LabeledSentence = gensim.models.doc2vec.TaggedDocument
n_dim = 100
n_cats = 4
balance = 0
modelType = 2
wvModelType = 'c-fasttext'
batch_size = 128
numpy.random.seed = 7
dataset_path= homePath + 'docs'
best_models_path = homePath + 'bestModels/'
wordVecType = 0
trainPart = 0.8
testPart = 0.2
valPart = 0.15
cnt = 0
fCats = [0] * n_cats
nCats = []

LabeledDocument = namedtuple('LabeledDocument', 'words tags docClass docCategory')

def prepareDocsData(path):
    global cnt
    global lang
    wolabPath = homePath + 'wolab.txt'
    tmpf = open(wolabPath, 'w', encoding='UTF-8')
    docs = []
    trainCount = 0
    testCount = 0
    wCount = 0
    fCount = 0
    wordInDocs = dict()
    currdir = os.getcwd()
    os.chdir(path)
    for ff in glob.glob("*"):
        if ff[-3:] == 'txt':
            continue
        #print (ff)
        cnt = cnt + 1;
        tf = path + "/" + ff + "/tocs.txt"
        with open(tf, 'r', encoding='UTF-8') as f:
            docsCount = 0 
            for line in f:
                if line[:1] == '#':
                    if (balance > 0 and docsCount >= balance):
                        break;
                    docsCount = docsCount + 1
        f.close()
        fCats[cnt - 1] = docsCount
        nCats.append(ff)
        print (cnt, ff, docsCount)
        with open(tf, 'r', encoding='UTF-8') as f:
            dCount = 0
            wordInDoc = dict()
            for line in f:
                if line[:1] == '#':
                    if (dCount <= docsCount):
                        dCount = dCount + 1
                        continue
                    else:
                        break;
                if dCount <= int(docsCount * trainPart):
                    group = 'train'
                    trainCount = trainCount + 1
                    fCount = trainCount
                elif dCount <= int(docsCount * (trainPart + testPart)):
                    group = 'tests'
                    testCount = testCount + 1
                    fCount = testCount
                else:
                    group = 'wolab'
                    wCount = wCount + 1
                    fCount = wCount
                    tmpf.write(str(cnt-1) + "\t" + line.strip() + "\n")
                tag = '%s_%d'%(group, fCount)
                if group != 'wolab':
                    words = line.strip().split()
                    if len(words) < 5:
                        print("Attention!
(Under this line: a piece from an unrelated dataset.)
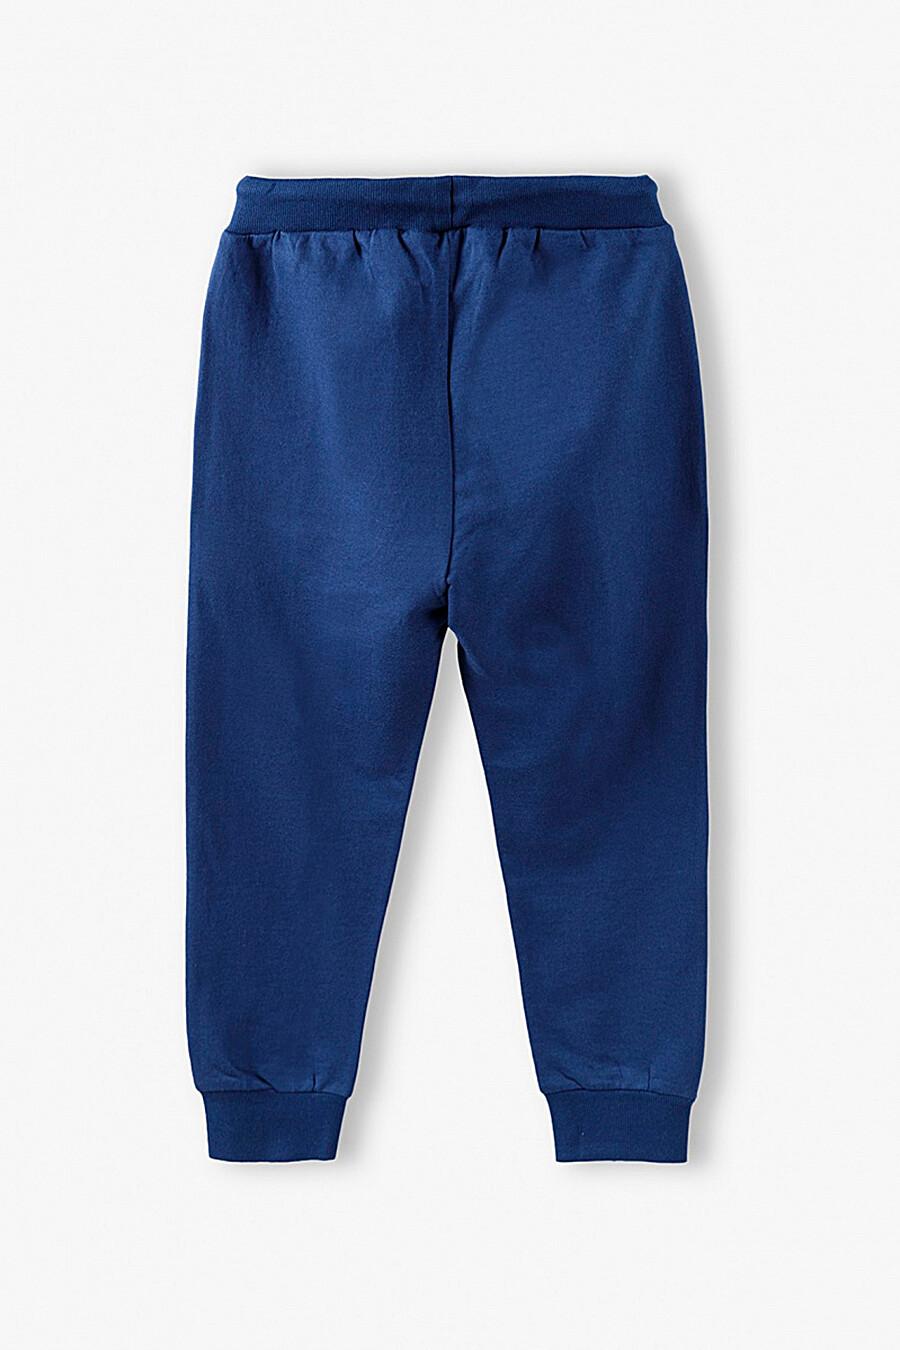 Брюки для мальчиков 5.10.15 668484 купить оптом от производителя. Совместная покупка детской одежды в OptMoyo
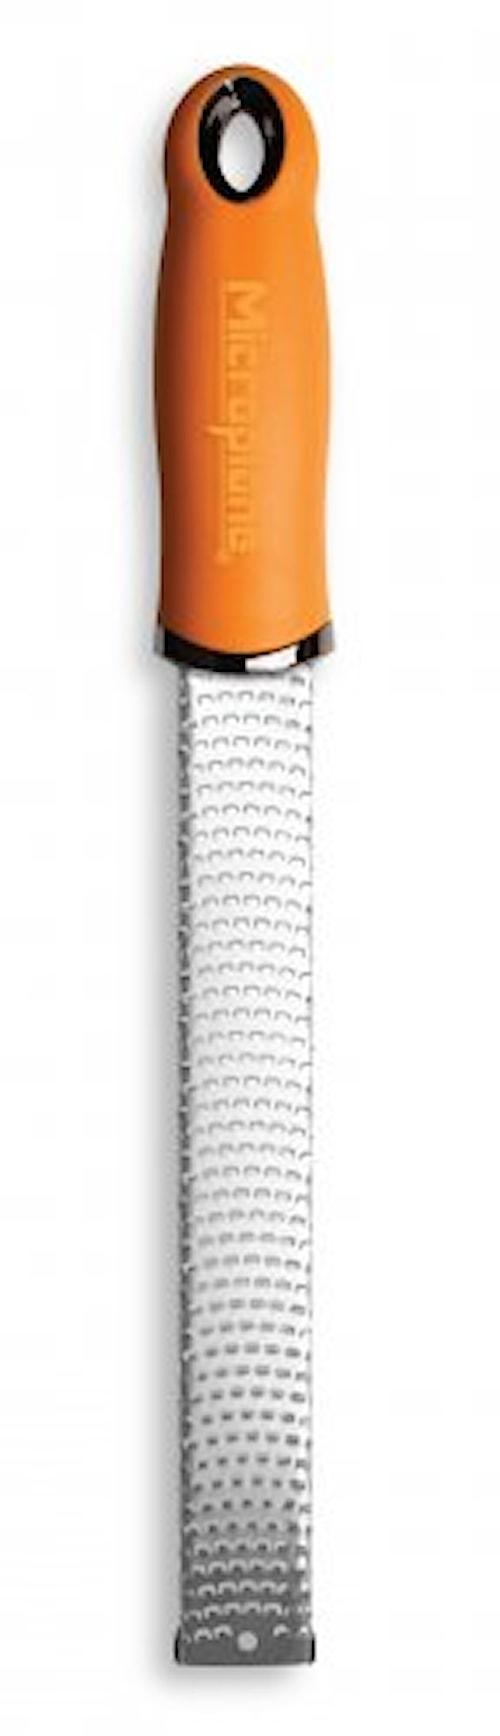 Premium Classic zestjärn orange

Doc %d from category %s has only %d tokens."%(dCount, ff, len(words)))
                    docs.append(LabeledDocument(words, [tag], ff, cnt-1))
                    if group == 'train':
                        for w in words:
                            if w not in wordInDoc:
                                wordInDoc[w] = 1
                                if w not in wordInDocs:
                                    wordInDocs[w] = 1
                                else:
                                    wordInDocs[w] = wordInDocs[w] + 1

        f.close()
    tmpf.close()
    return docs, wordInDocs

ds = datetime.datetime.now()
allDocs, wordInDocs = prepareDocsData(dataset_path)
maxDocLen = max(len(x.words) for x in allDocs)
minDocLen = min(len(x.words) for x in allDocs)
trainAllDocs = [doc for doc in allDocs if doc.tags[0][:5] == 'train']
trainAllDocs = random.sample(trainAllDocs, len(trainAllDocs))
trainDocs = trainAllDocs[:int(len(trainAllDocs) * (1 - valPart))]
valDocs = trainAllDocs[int(len(trainAllDocs) * (1 - valPart)):]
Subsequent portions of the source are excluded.